Machine Learning Approaches
There are three subtypes of machine learning: (1) supervised learning, (2) unsupervised learning, and (3) reinforcement learning.
Supervised learning models are trained by mapping input data features with the target values, which are then are used to predict the target values of the new or test data. In contrast, in unsupervised learning the training data do not contain the target values. In reinforcement learning, the algorithm starts by employing trial and error to arrive at a solution to the problem, and it is either rewarded or punished on each attempt. Programmed to maximize reward, the algorithm starts from random guesses and through training achieves sophisticated tactics.
The Advantages of Cloud-based Machine Learning
Performing machine learning in the cloud offers many advantages. With each major cloud provider, the algorithms are built into its hardware in an optimized fashion as a service offering, so running models in the cloud will be much more efficient than running them on premises. The latter requires setting up an end-to-end lab along with a large infrastructure and substantial computing storage. Running the models in the cloud also makes it easy to experiment with machine learning capabilities, arriving at relatively sophisticated models without building them from scratch.
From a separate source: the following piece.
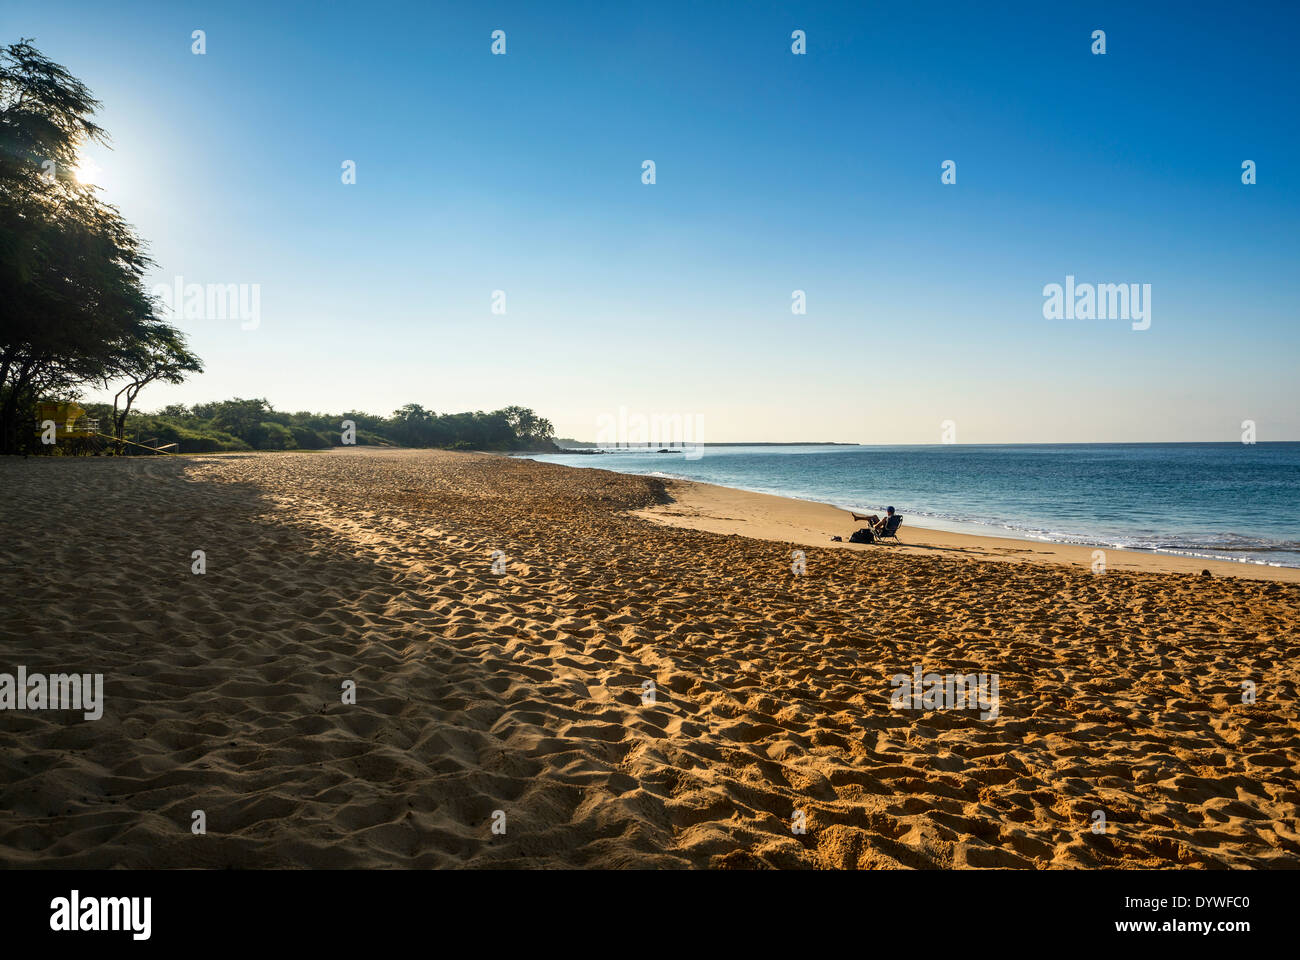 La famosa e incontaminata spiaggia grande di Maui. Foto Stock
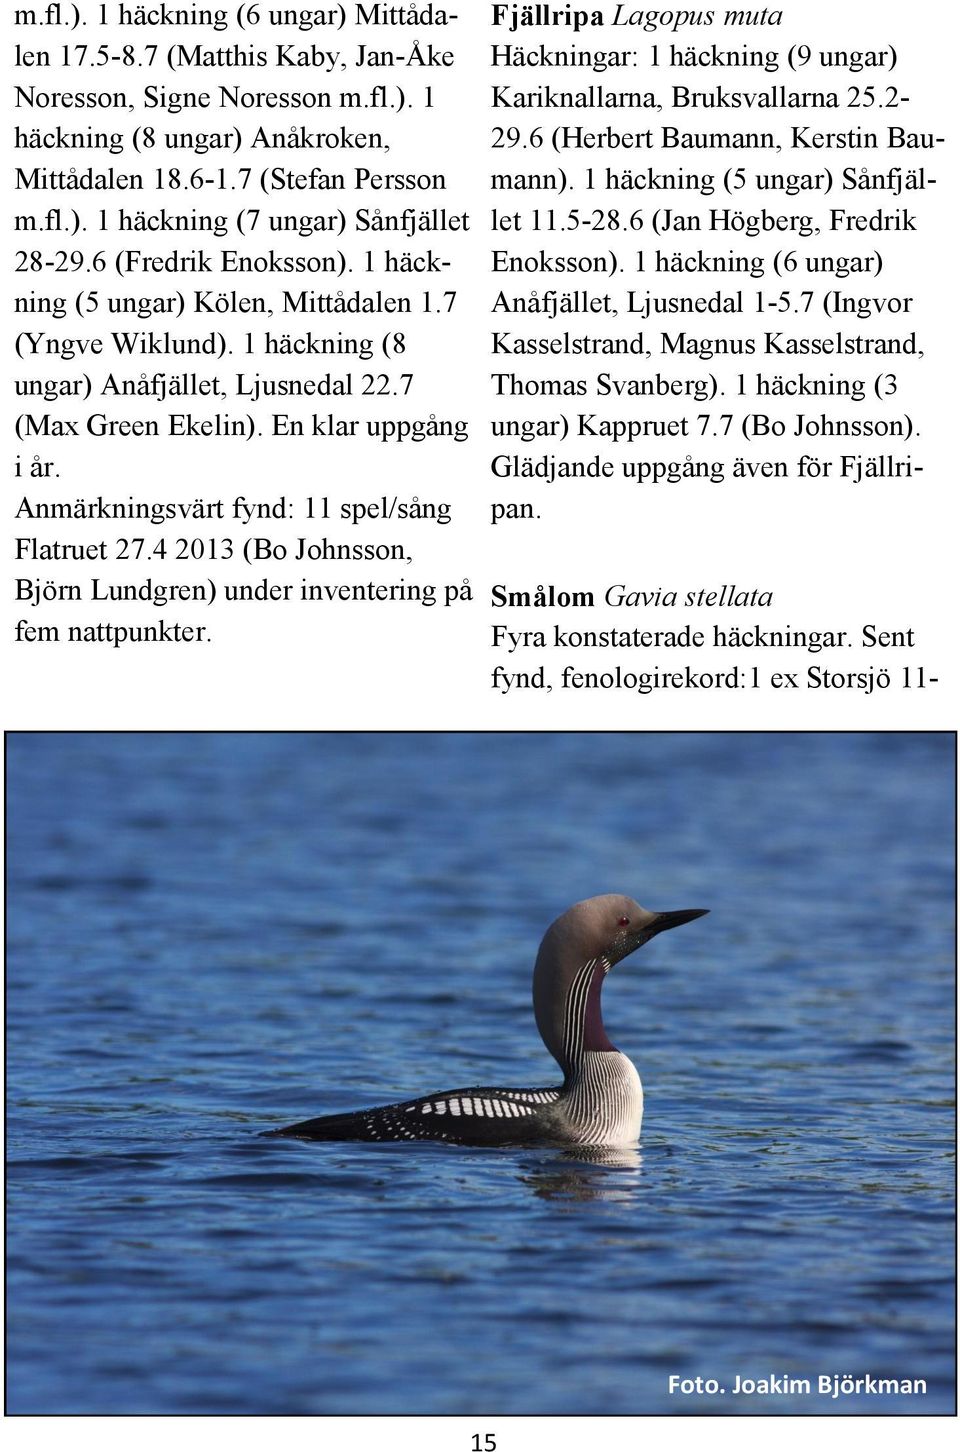 Anmärkningsvärt fynd: 11 spel/sång Flatruet 27.4 2013 (Bo Johnsson, Björn Lundgren) under inventering på fem nattpunkter.

Cloud-based machine learning also provides a flexible and seamless machine learning Ops (MLOps) process with continuous integration and continuous delivery or continuous deployment (CI/CD) of the machine learning models. There are numerous open-source machine learning frameworks that can run on premises. However, training real-world models with big data typically requires high computing power and parallel or distributed computing, which are time- and labor-consuming as well as expensive to build and maintain on one’s own. The cloud pay-per-use service is a good choice that can leverage the speed and power of graphics processing units (GPUs) for training without investment in hardware.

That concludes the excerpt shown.